Have you ever been hit in the face with a shovel?
I abruptly realized the fundamental difference between reality and realism: In action movies, the reckless, risk-addicted hotshots always survive. In reality, their corpses got mulched in secret by outfits like
NORCO
. In movies, we
win
against terrorists. In reality . . . well, we know better now, don’t we?

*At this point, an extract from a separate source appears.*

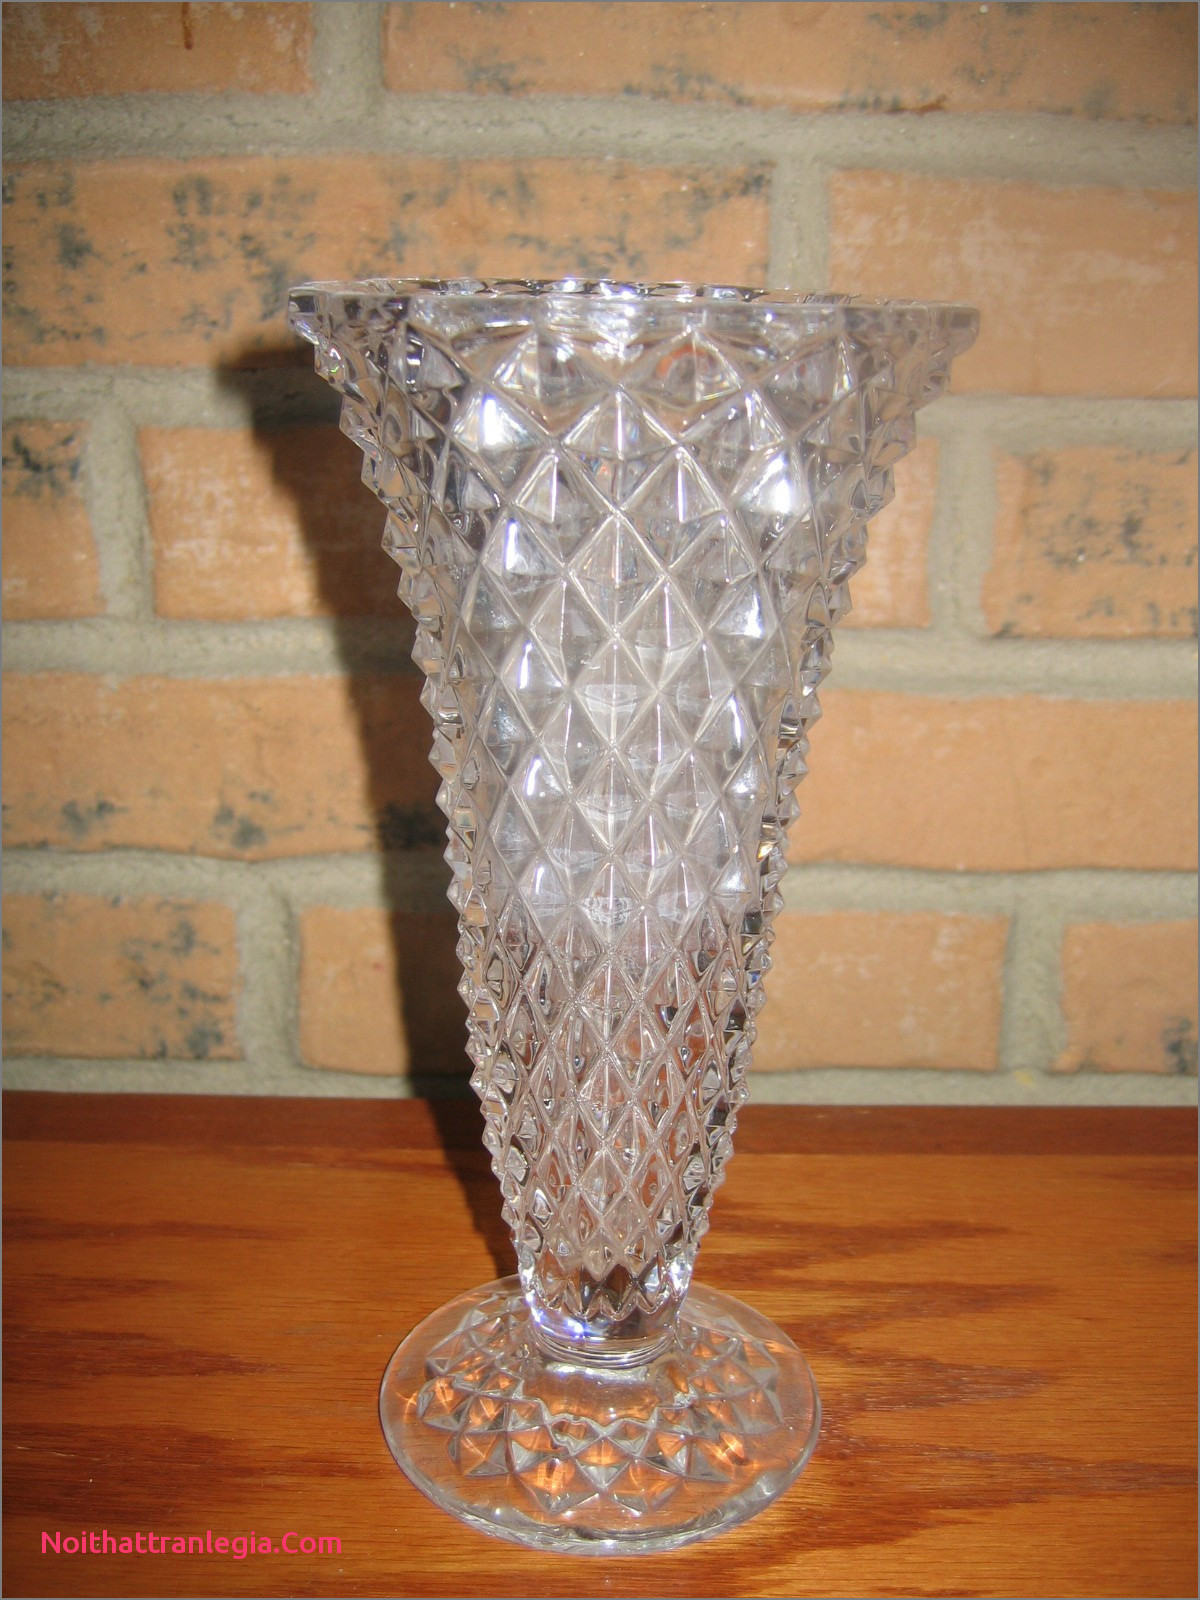 14 Perfect Mercury Glass Footed Vase 2024 free download mercury glass footed vase of 20 cut glass antique vase noithattranlegia vases design with regard to glass vase decoration ideas vases antique crystal 2 gorgeous edwardian cut lead glass
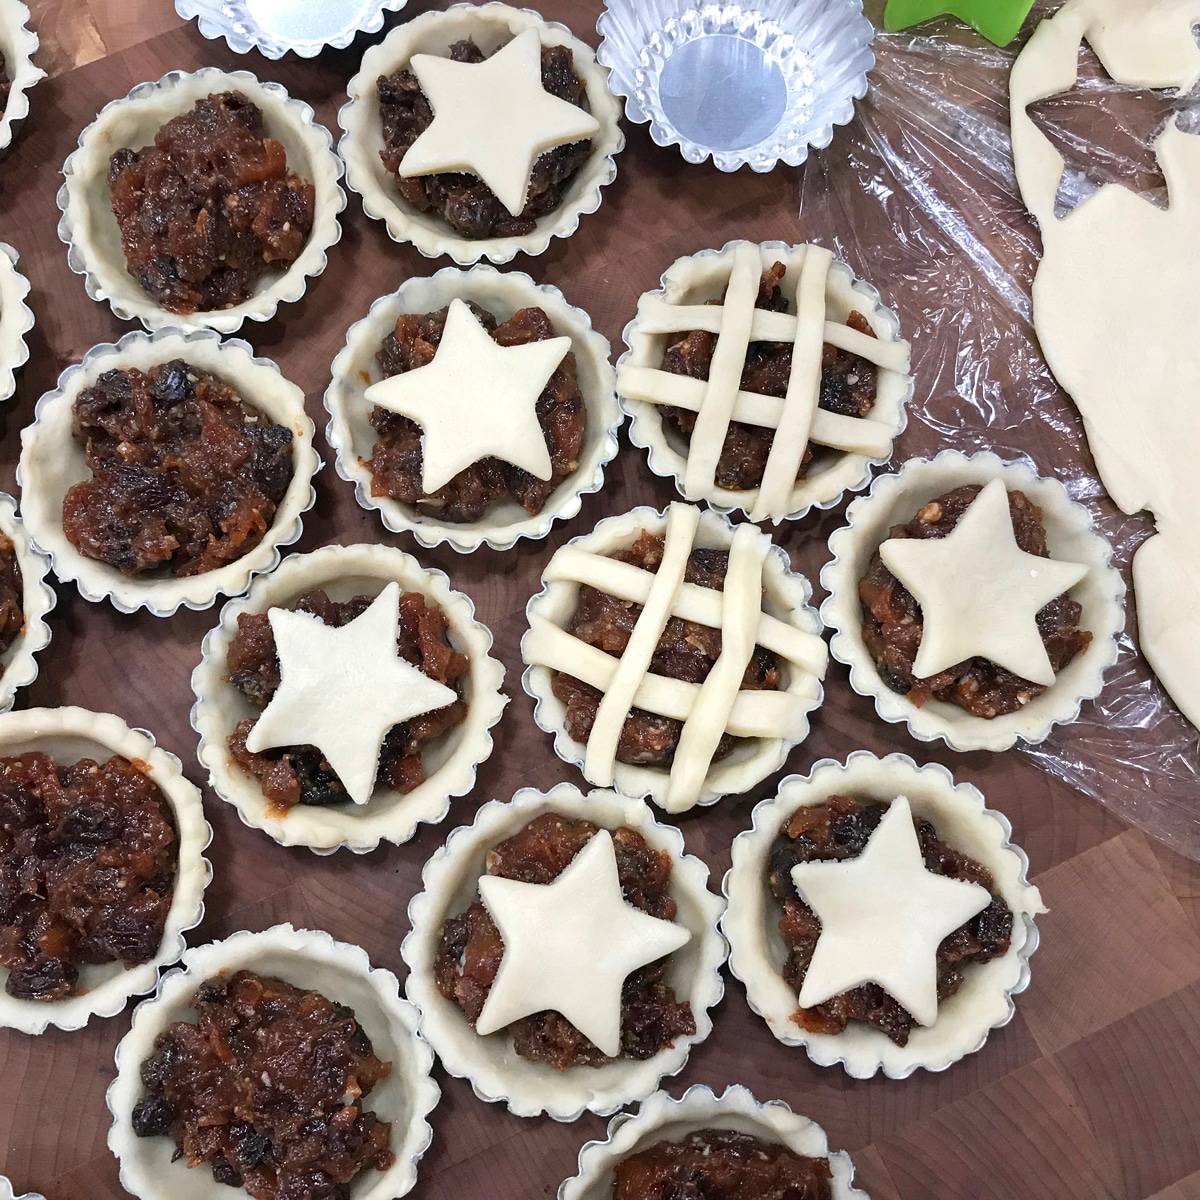 mincemeat pie recipe best traditional authentic British English from scratch

“Popcorn?” asked Zetts. I could tell he was half-serious, looking for a last-minute out.
“No time.”
“Kind of a waste.”
“You still up for this? Because if you’re not, I need to know now.”
I was wearing the shoulder holster that Dandine had fitted to me. Sheathed within was the gun Dandine had chosen for me—the
SIG
Super .40 he had cleaned and lubed back at Rook’s, which had patiently awaited me in the black Halliburton recovered by Zetts. The chamber was empty and the magazine held twelve rounds, just as Dandine had left it . . . sort of. While fooling around, I jacked the slide and a cartridge already “in the pipe” (as they say) came flying out. I chased it and had to pick it up off the floor. It was one of the hazard-striped ones, the minirockets. The kind that explode. Dandine had racked it as the
first
shot; not a pleasant portent to consider. Instead of trying to reload it, I put it in my pocket.
I was the least qualified person in the world to go gunslinging after
NORCO
. If anything begged to be shot with a real bullet, I had to click off the thumb safety, rack the slide, aim the gun, and actually squeeze a live trigger. I hoped I could remember those four things, in order, if the day turned pessimistic. Fancy moves and special applications were for guys in movies, not me. The last time I had fired a weapon—pardon me,
discharged a firearm
—was at the Beverly Hills Gun Club (of which I was not a member) in 1998, or ’97. Nothing in the situation there seemed applicable to my current state of mind. I was leery and nervous about
the casual gun owner’s often-fatal shortcoming: the nerve to shoot at a living human target.
If you pull it, you must be prepared to use it.
Too many people’s lives had been ruined by the gap of will between the former and the latter. The issue was not competence, but resolve. Dandine always had a full house of resolve; I wished there was a pill I could take that would bump up mine so I could at least stop shaking.